Task statement:
In this exercise, print only the lines of the records below from the one with "Medios grabando el" through the one with "Первый плоский телевизор.", inclusive. Pictures are not part of the copy.

Exercise materials:
- - - - - - -
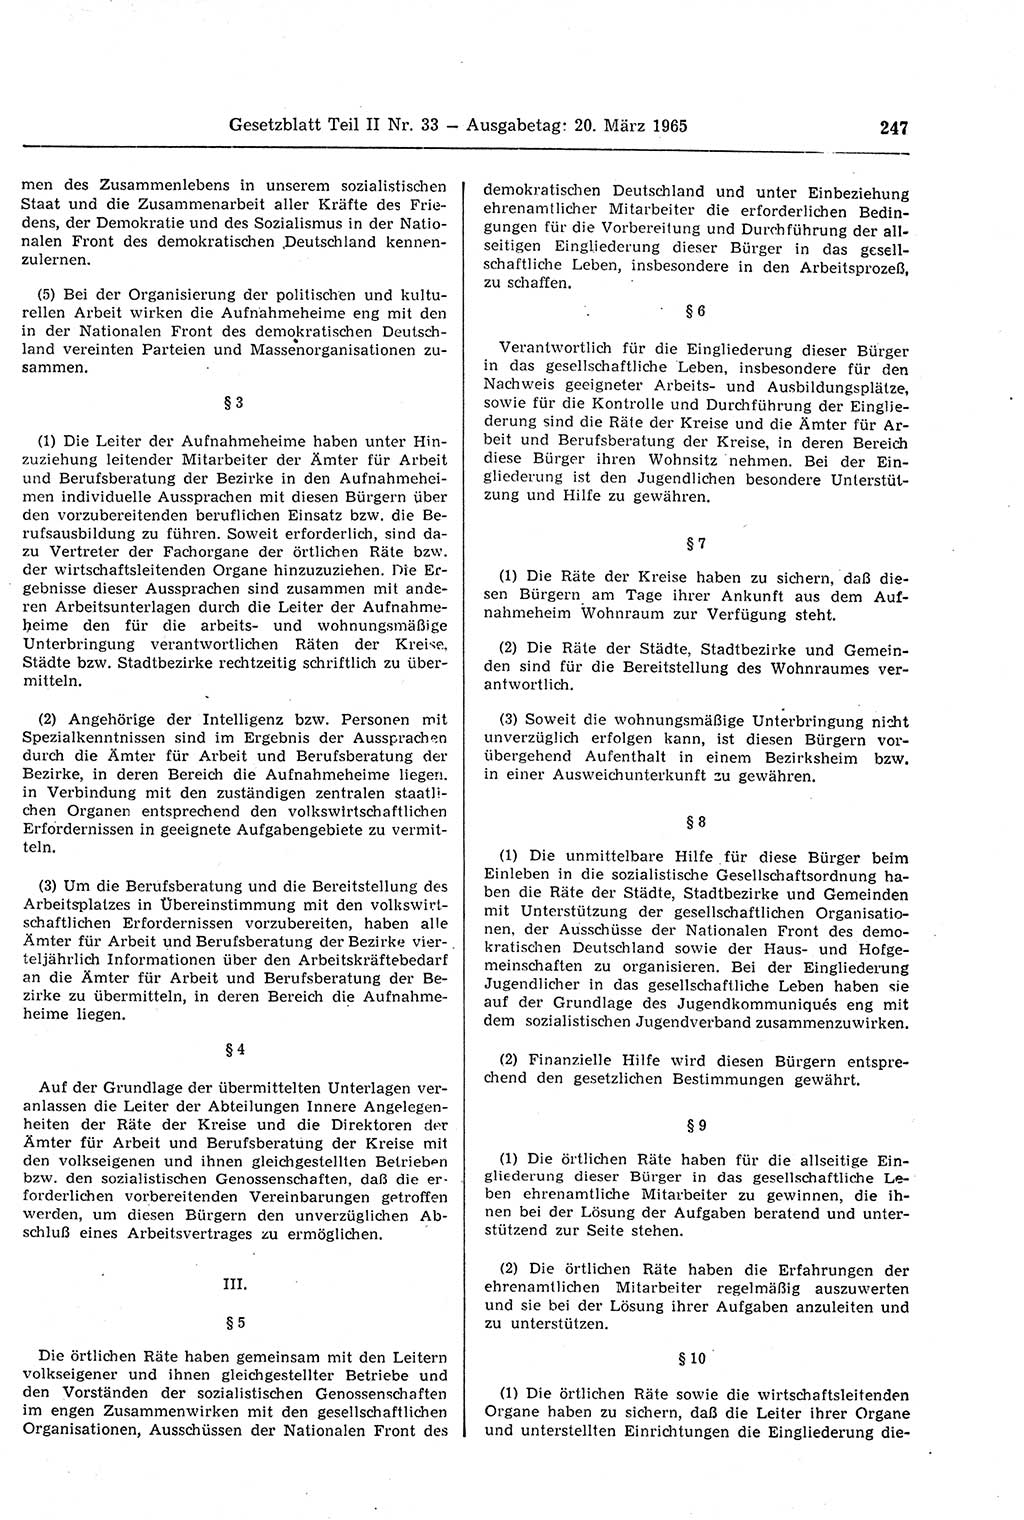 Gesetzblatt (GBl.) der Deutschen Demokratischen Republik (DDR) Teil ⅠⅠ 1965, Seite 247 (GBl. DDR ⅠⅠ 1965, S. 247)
- - - - - - -
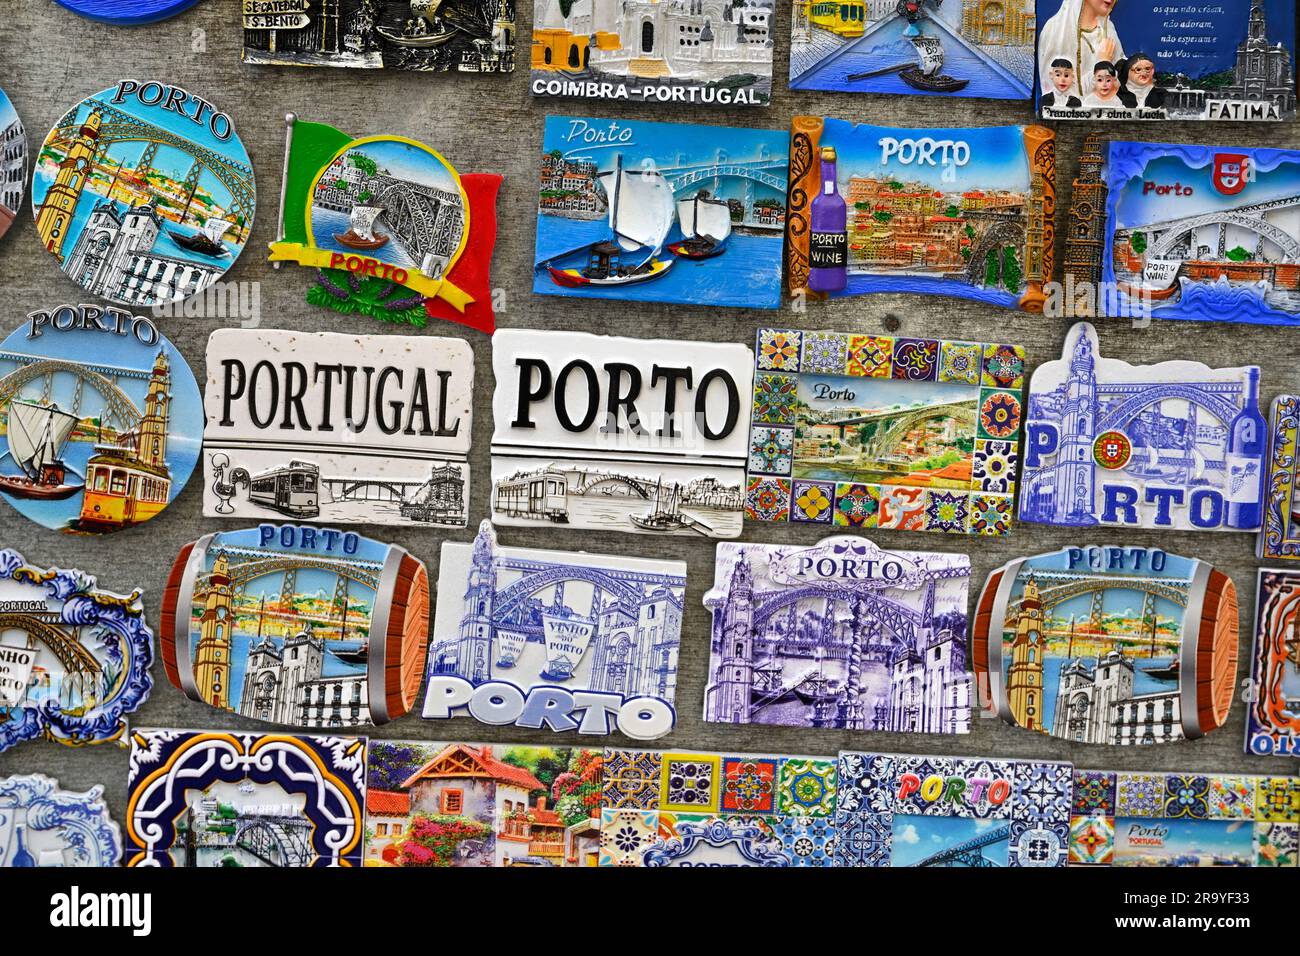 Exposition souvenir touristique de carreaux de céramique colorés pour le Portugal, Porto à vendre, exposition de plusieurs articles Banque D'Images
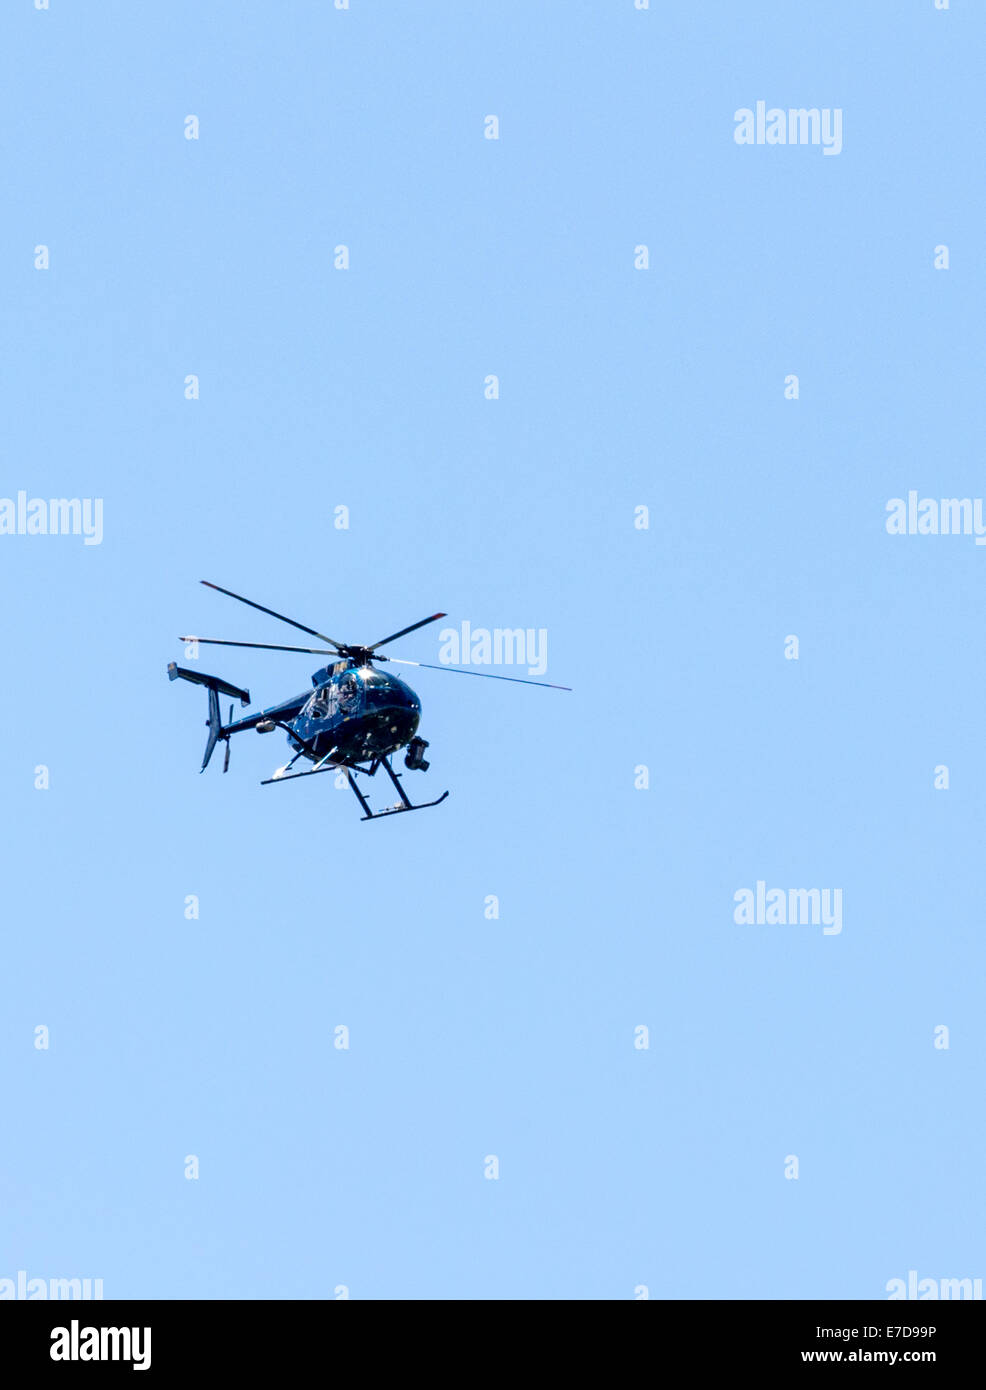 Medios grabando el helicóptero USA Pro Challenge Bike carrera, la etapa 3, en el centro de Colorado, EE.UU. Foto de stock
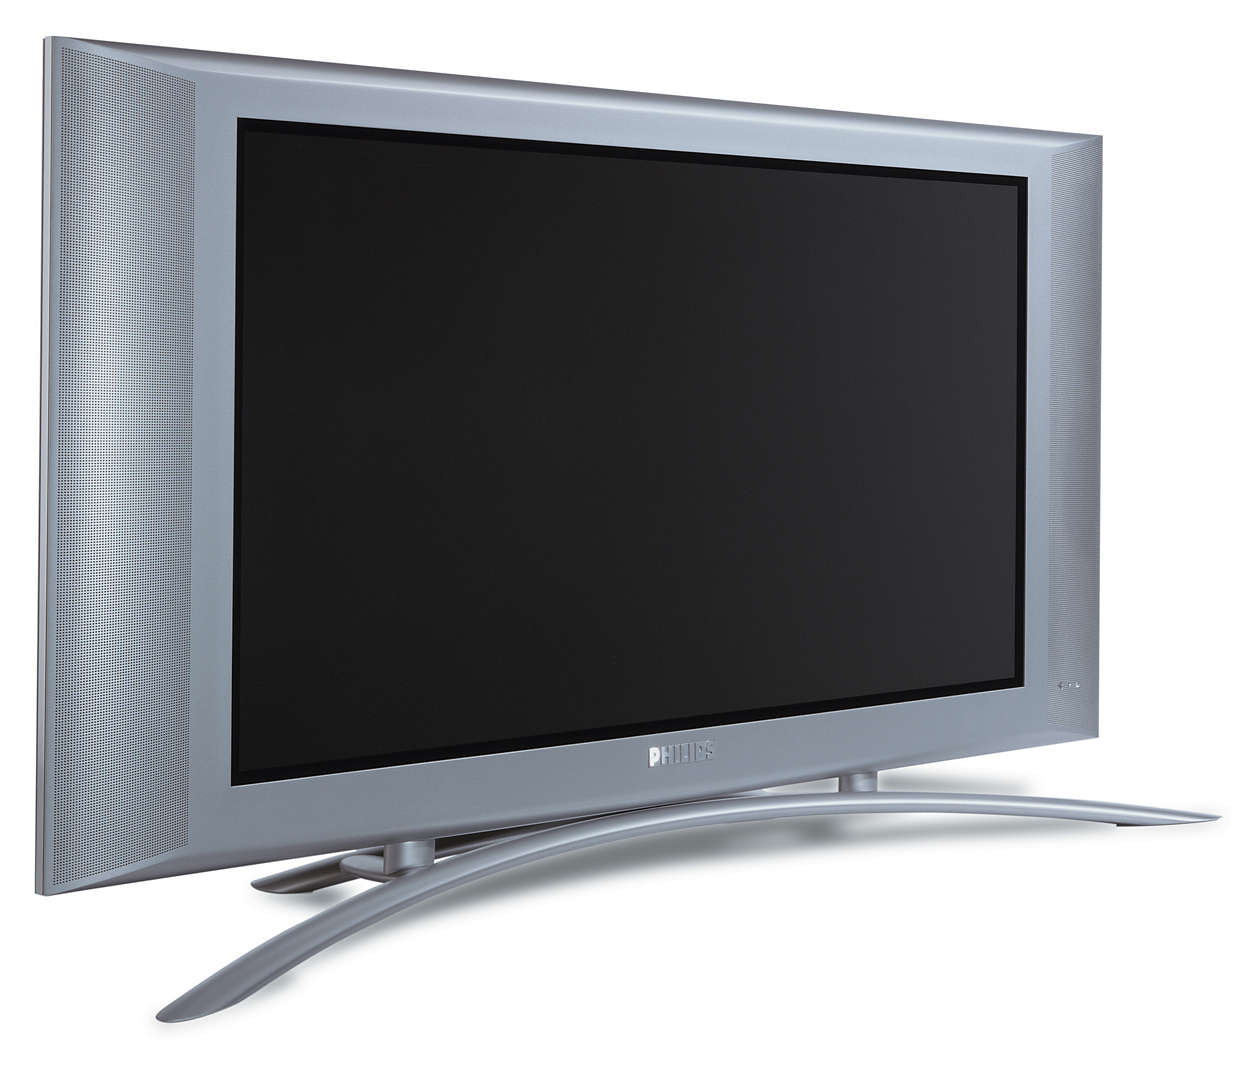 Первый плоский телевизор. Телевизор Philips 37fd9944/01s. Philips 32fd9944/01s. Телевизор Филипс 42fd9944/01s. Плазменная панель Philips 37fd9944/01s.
- - - - - - -
Response area:
 Medios grabando el helicóptero USA Pro Challenge Bike carrera, la etapa 3, en el centro de Colorado, EE.UU. Foto de stock
 Первый плоский телевизор. Телевизор Philips 37fd9944/01s. Philips 32fd9944/01s. Телевизор Филипс 42fd9944/01s. Плазменная панель Philips 37fd9944/01s.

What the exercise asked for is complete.